There are a number of federal and provincial government programs that provide would-be entrepreneurs with loans and grants (sorry, you’ll have to do that research for yourself).
CONS: Some programs require EI eligibility. Others are restricted by age, region or industry. And it can be hard to track down the many programs available across multiple departments and governments. A one-stop portal would be helpful (hint, hint).
A bank or credit union is still a good option for many startups.
CONS: Loans must be repaid, and approval can sometimes be difficult.
Put your life savings into your startup? It’s an option, but a risky one.
CONS: You lose your financial buffer, and could lose it all for good if the business fails.
Many businesses are launched with money from family or friends.
CONS: Mixing family and money can be problematic.
Starting your business with plastic doesn’t require applying for new credit.
CONS: Interest rates are high compared to a loan or line of credit.
Startups have successfully raised money through Kickstarter or Indiegogo.
CONS: You might not get the money you want, and you lose a percentage to the platform.

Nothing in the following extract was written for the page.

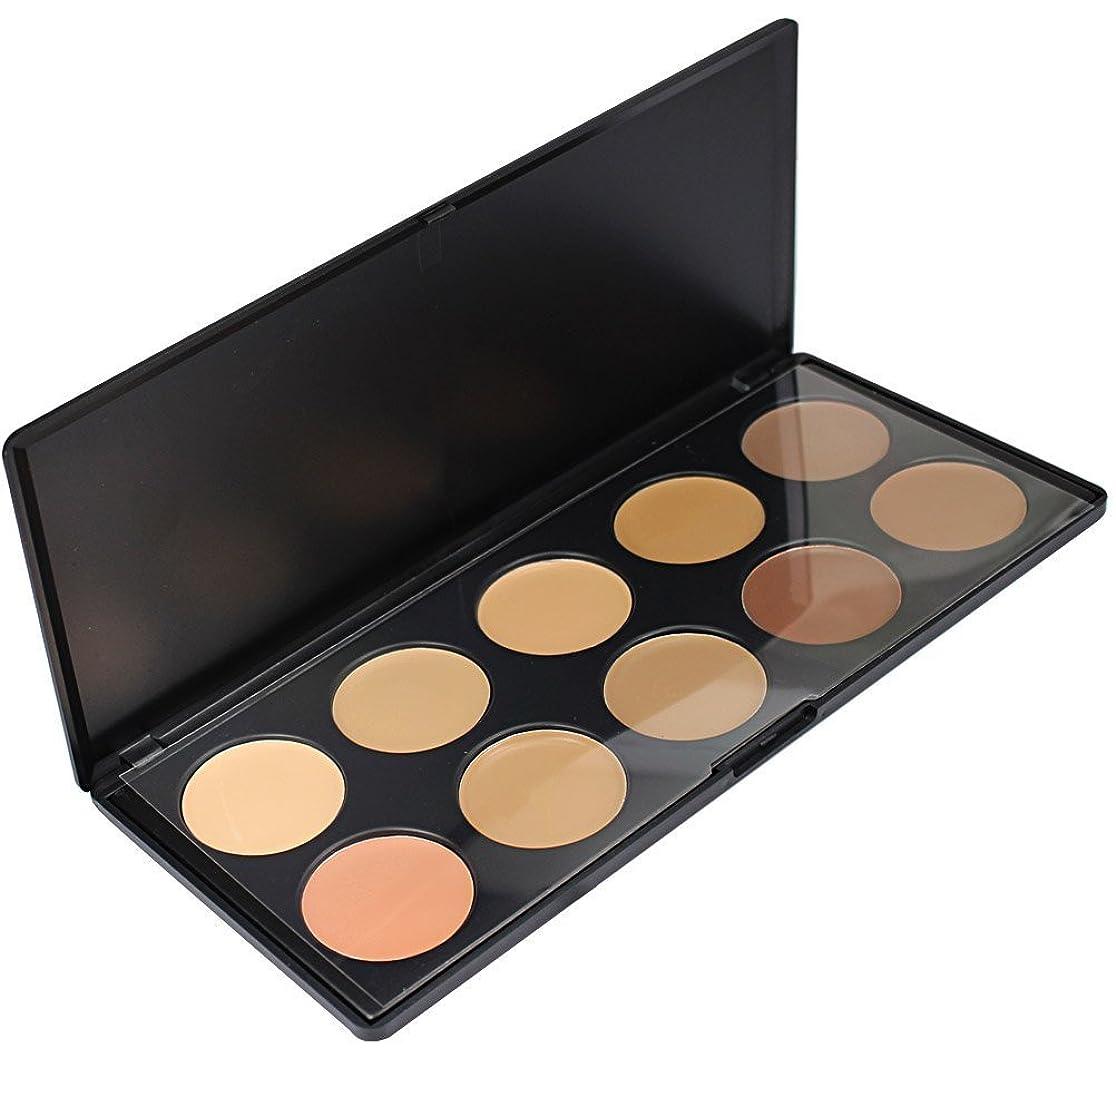 弁護士魅力弾性メイクアップエーシーシー (MakeupAcc) 10色コンシーラーパレット アイシャドウパレット メイクアップセット [並行輸入品]

Some of the corporate prizes for entrepreneurs, like the $100,000 Telus Pitch contest, are hefty.
CONS: There are only a few winners for each prize—and the application process can be time-consuming (for potentially no reward).
Angel investors and VCs can be a great source for the cash needed to get a business off the ground.
CONS: A high rate of return is expected, and working with them usually means giving up equity.